Наследницы Белкина
Шрифт:
Очутившись в комнате (кроме меня, сквозняков и плачущей невесты — никого), я смущенно выпалил:
— Я привез фату.
Комната была темная, и в этом тревожном сумраке любые разговоры казались непростительной фамильярностью. Большое пыльное окно пропускало внутрь рассеянный, золотисто-зеленый свет. Прильнув к стеклу, в комнату настойчиво ломился сад. На полу, лицом к стене, стояла картина в старой деревянной раме; ее сочно-зеленый прямоугольный призрак навеки застыл на обоях. Узкая кровать с большим зеленым ромбом посередине.
В углу у двери белел кружевной зонт, пара пустых бутылок из-под шампанского в свадебных воланах, свадебные бутоньерки, сумочки, подушечки и прочий свадебный бурелом. Все выглядело так, точно кто-то тщательно вымел комнату, собрав подвенечный мусор в белую кучку. Там же, в углу, охраняя свадебный хлам, стояли на часах фарфоровые молодожены: лощеный кот во фраке деликатно сжимал лапку сахарно-белой кошки-невесты. Франт во фраке был бос, но в цилиндре и при хвосте. В петлице галантно топорщилась белая гвоздика. Рядом с фарфоровой парочкой расположились их переодетые дублеры: кошечка была в капоте с рыжим отложным воротником, на который усатый франт взирал алчными, неприлично-желтыми глазами.
Невеста, продолжая плакать, стояла у окна. Я начинал привыкать к ее беззвучному горю, словно для человека нет ничего более естественного, чем лить и лить слезы.

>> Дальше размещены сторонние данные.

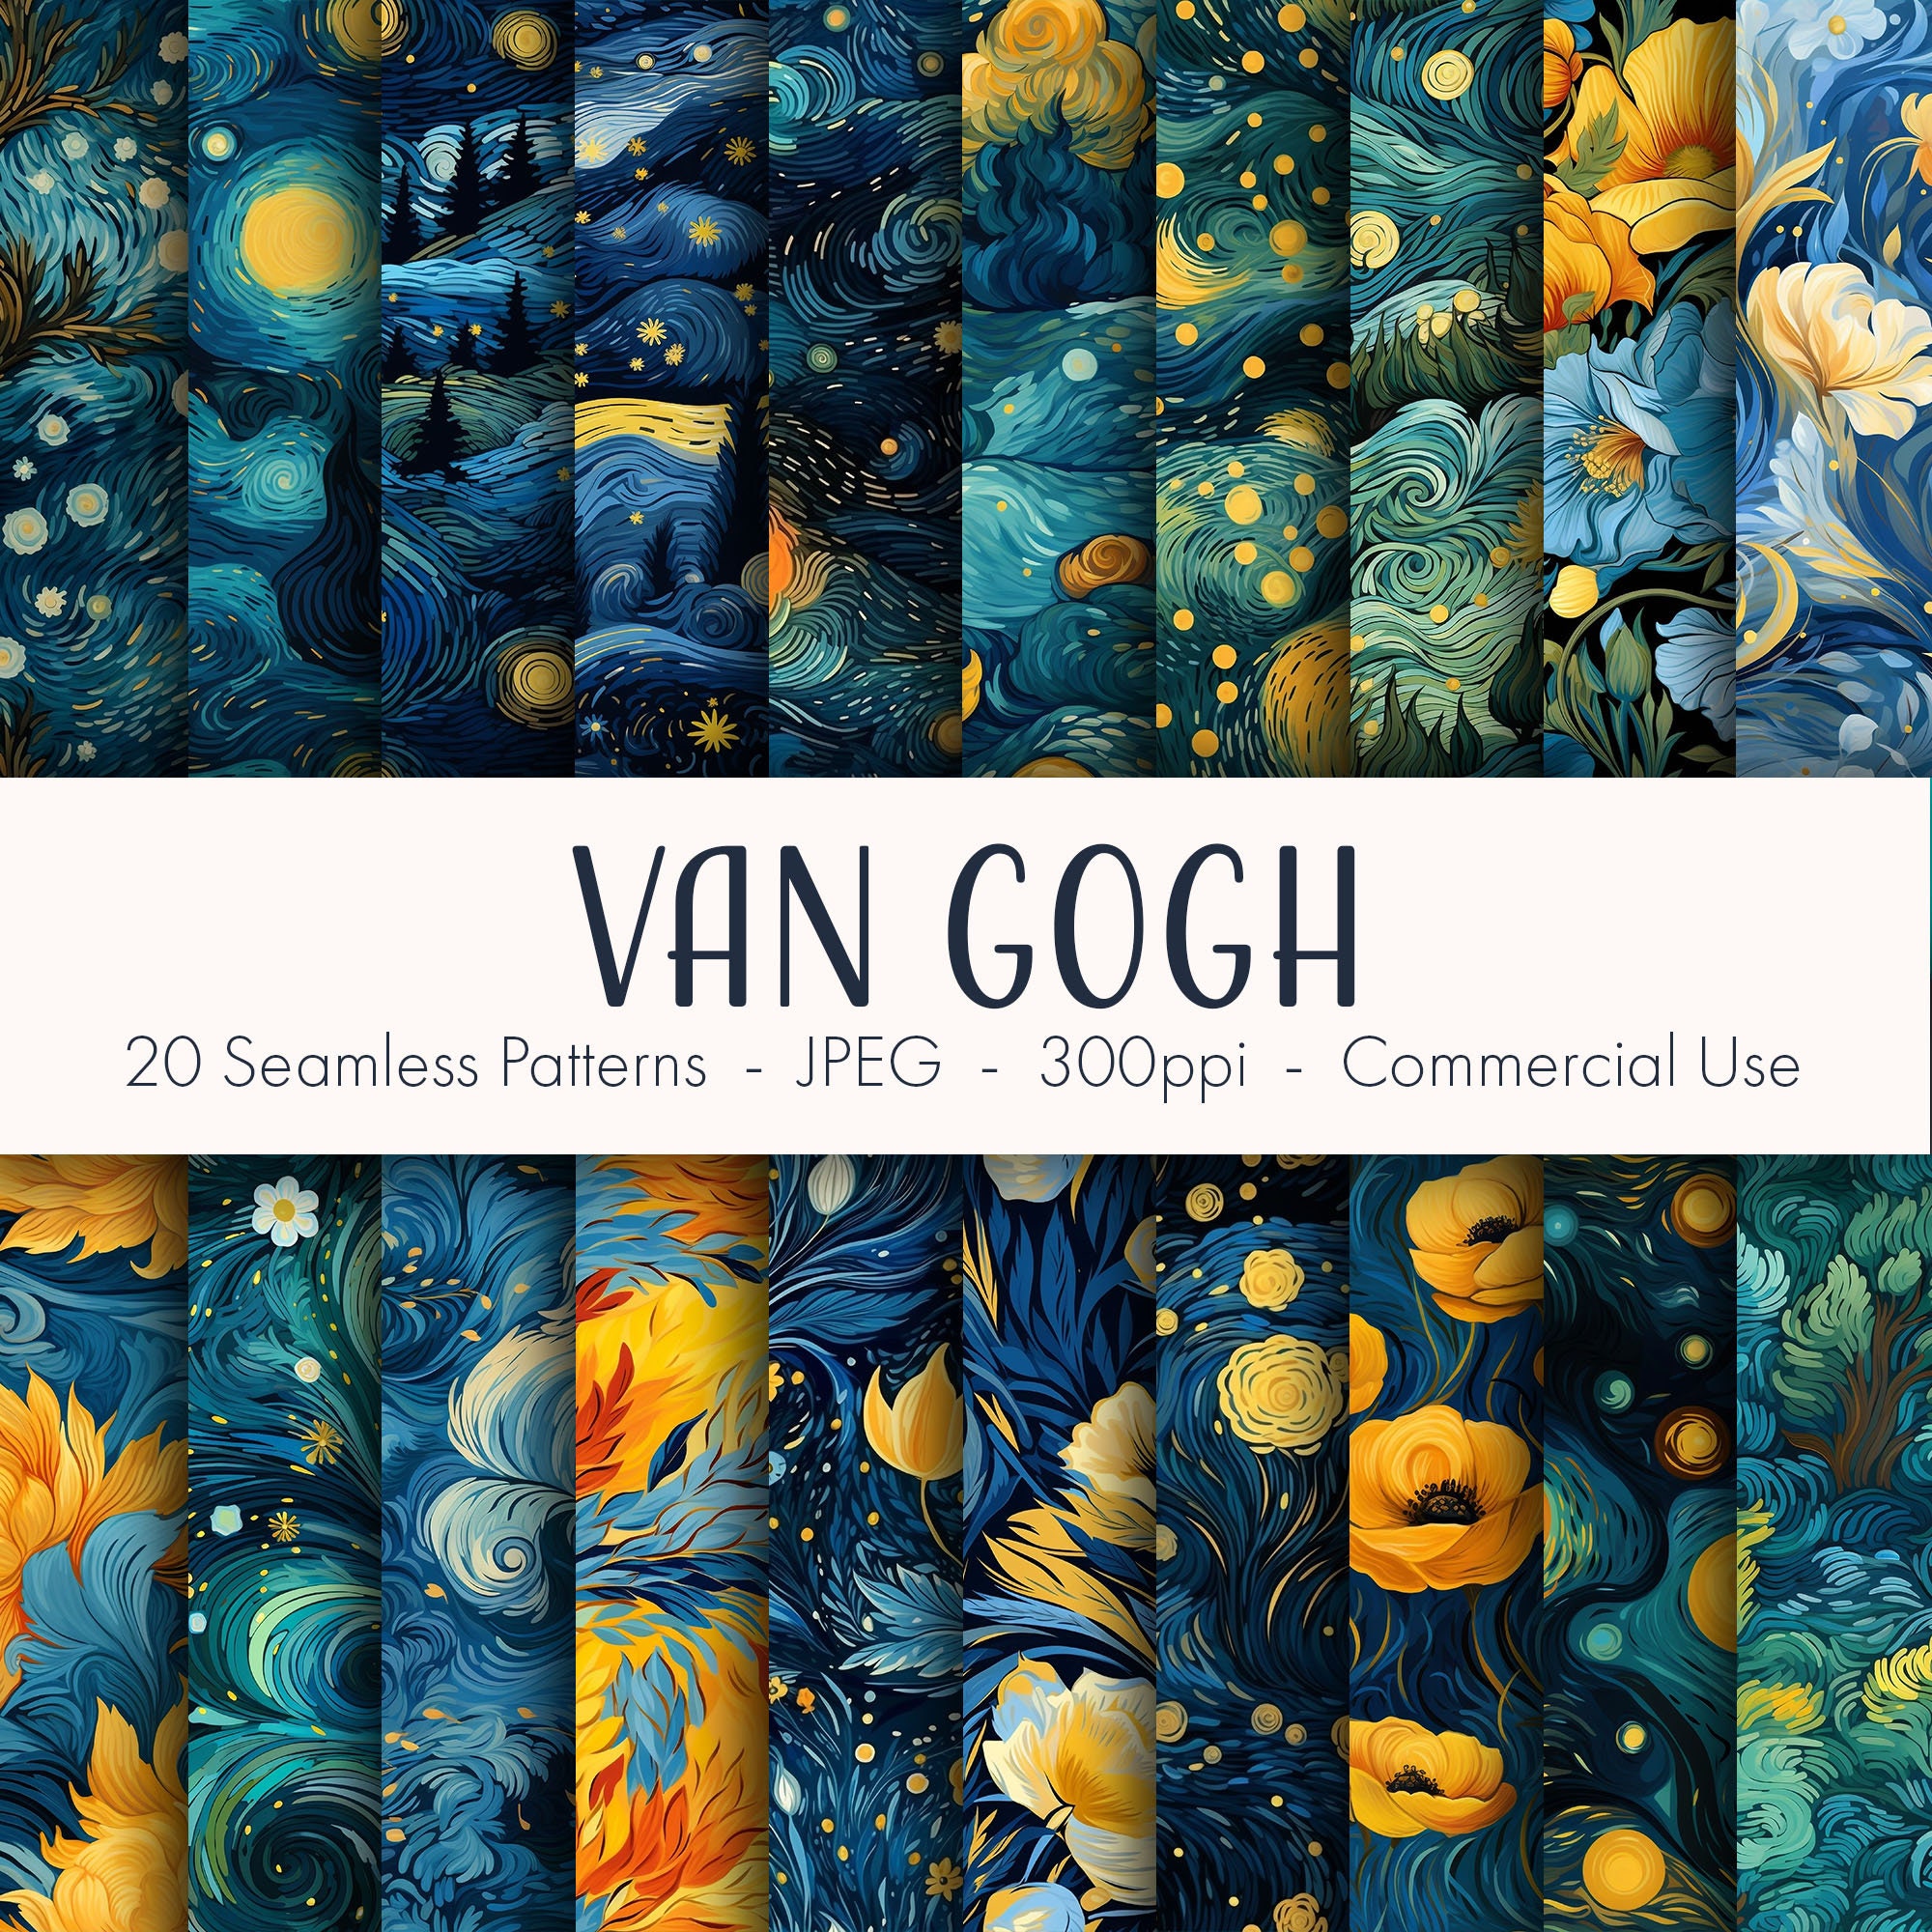 Love People” Art Palette Van Gogh Quote Sticker

— Мрак, — неожиданно громко сказала она.
— Что, простите?
Девушка обернулась и рассеянно повторила:
— Мрак, — и неопределенно повела рукой: — Все это.

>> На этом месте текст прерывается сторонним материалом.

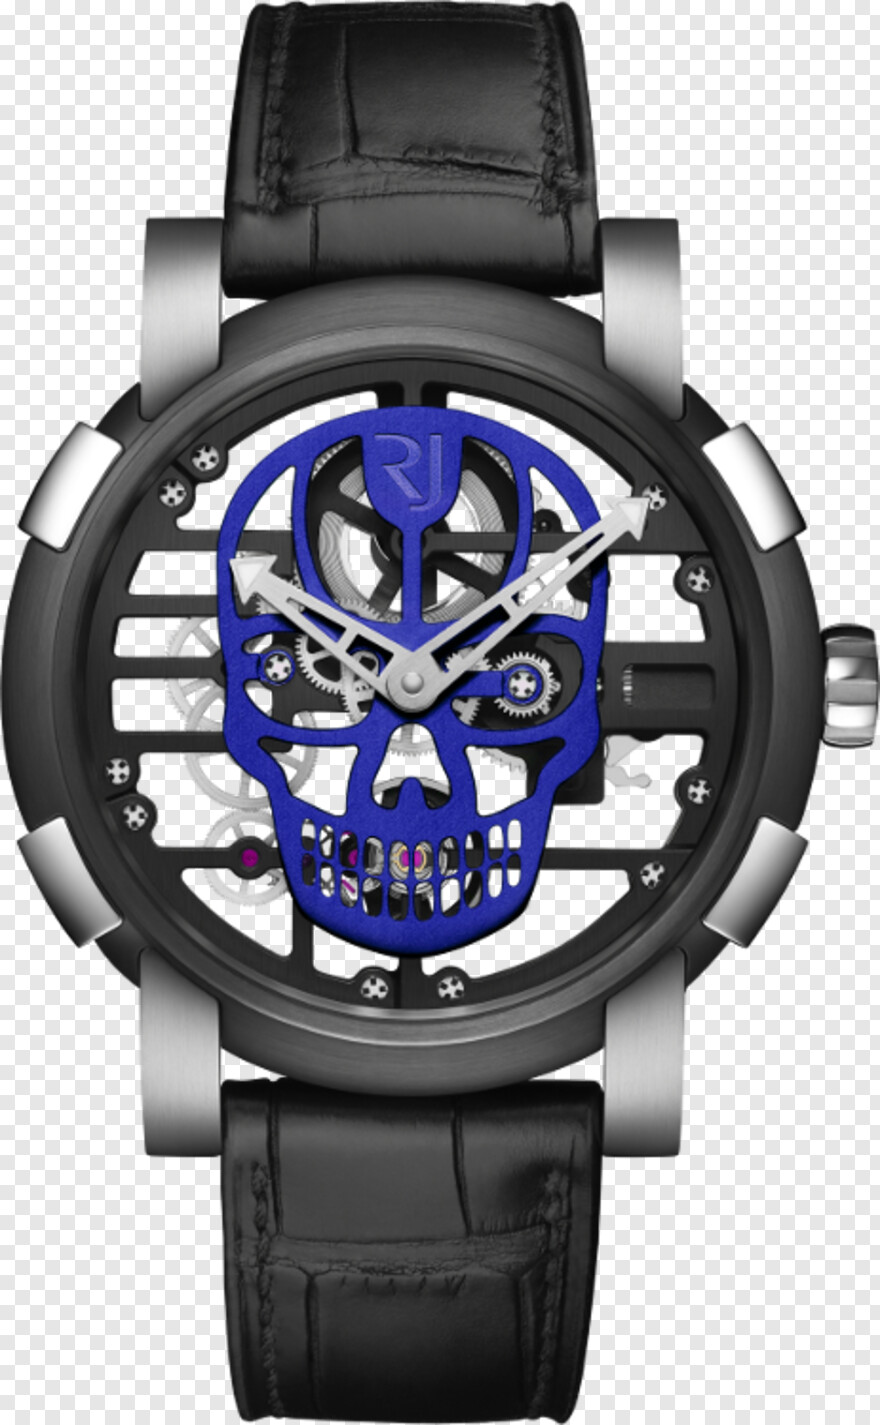  Black Skull, Pirate Skull, Skull Tattoo, Skull Drawing, Skull And Crossbones, Bull Skull

Усевшись на полу так, что ее растрепанная макушка отразилась в зеркале над шеренгой тюбиков и флаконов, она вытянула правую ногу и, стащив белый носок, зашвырнула его в угол, где он сиротливо повис на ухе усатого франта.

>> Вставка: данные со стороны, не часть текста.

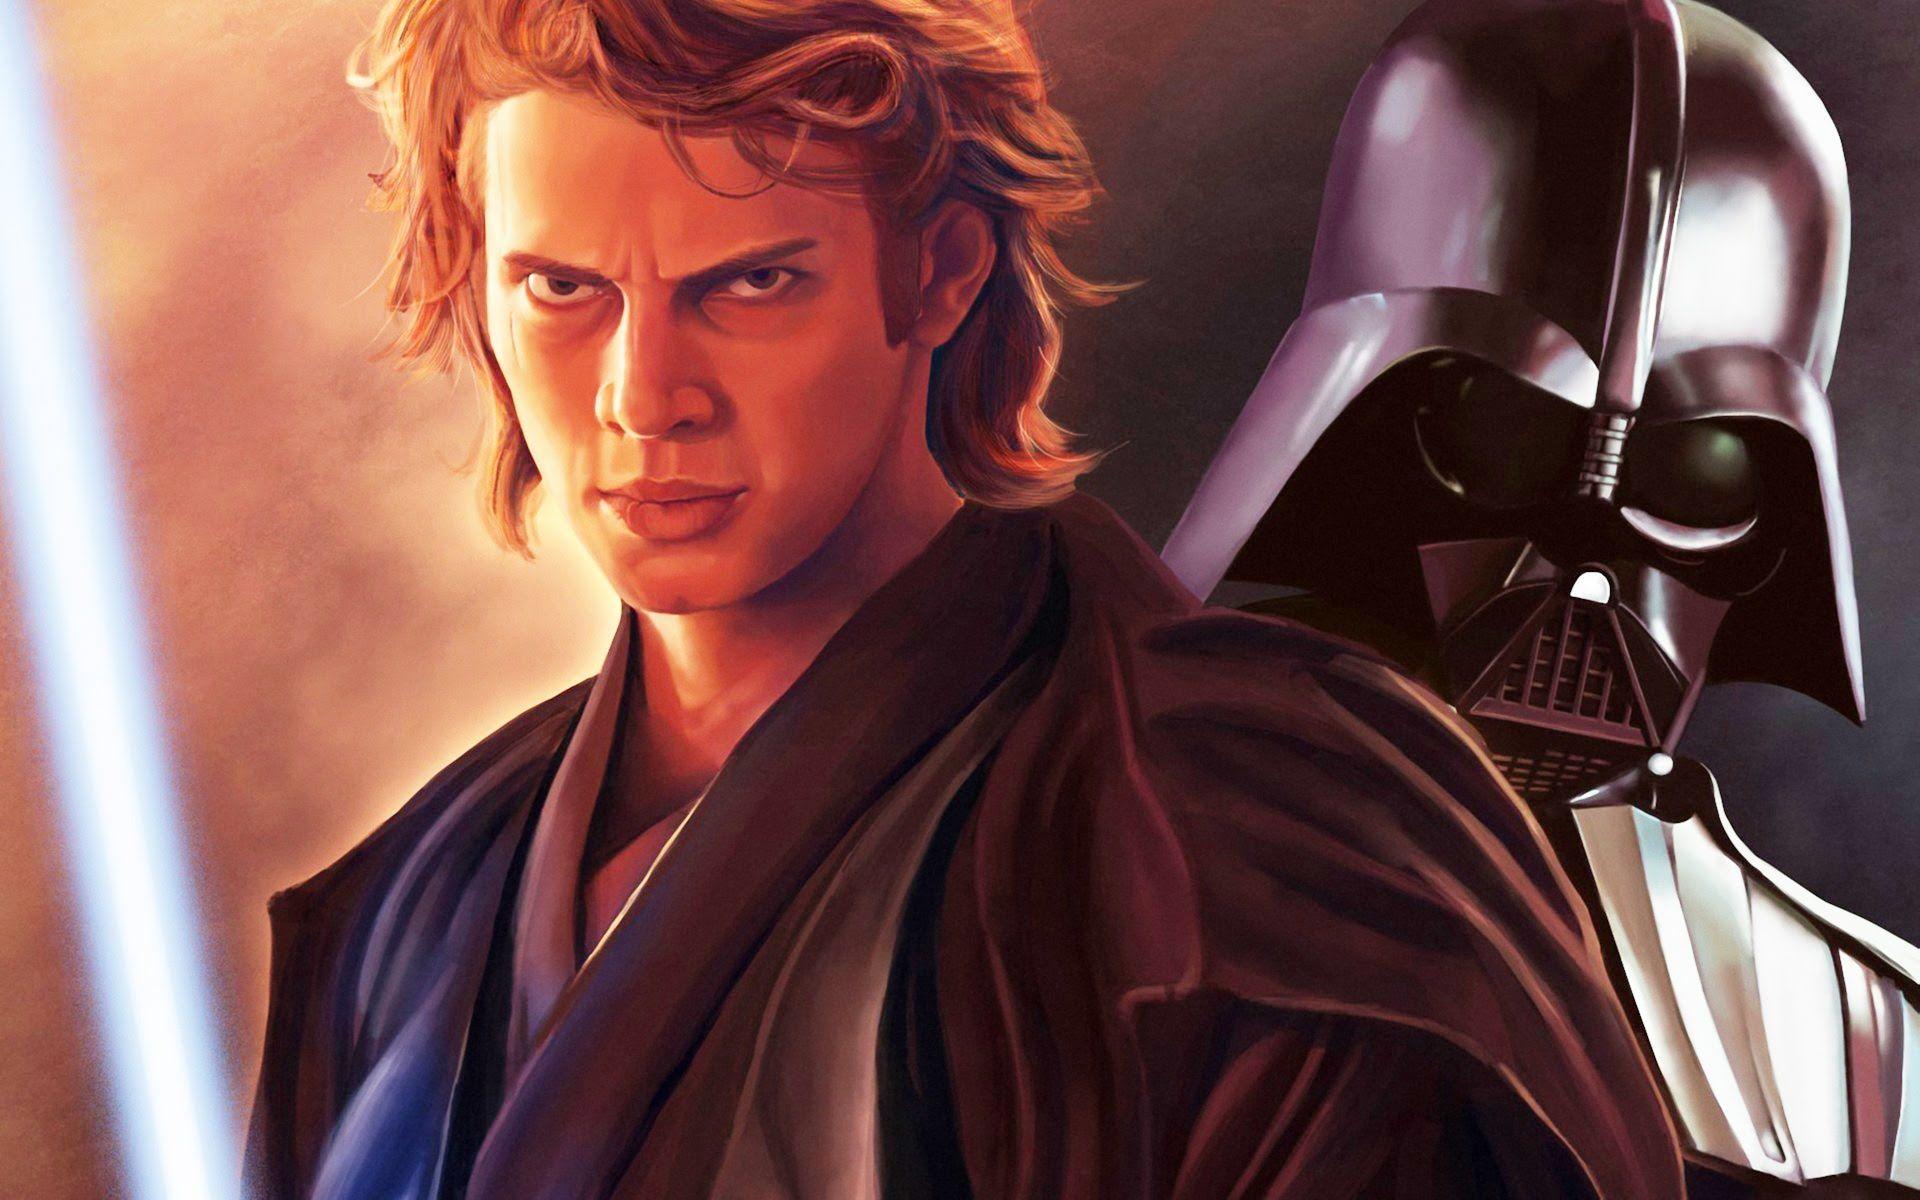 Anakin Skywalker to Return in Star Wars Episode 8? What of Darth

Не придумав ничего лучше, я затянул заунывное:
— Я привез фату…
— Ненавижу туфли на каблуках, — осторожно трогая мизинец, сказала невеста.
Я в этот момент тоже ненавидел свои тесные, душные, невозможные ботинки.
— Терпеть не могу. К тому же они мне жмут. Костя говорит — разносятся, но когда же они разносятся… А знаете, — задумчиво произнесла она, — я совсем не хочу замуж.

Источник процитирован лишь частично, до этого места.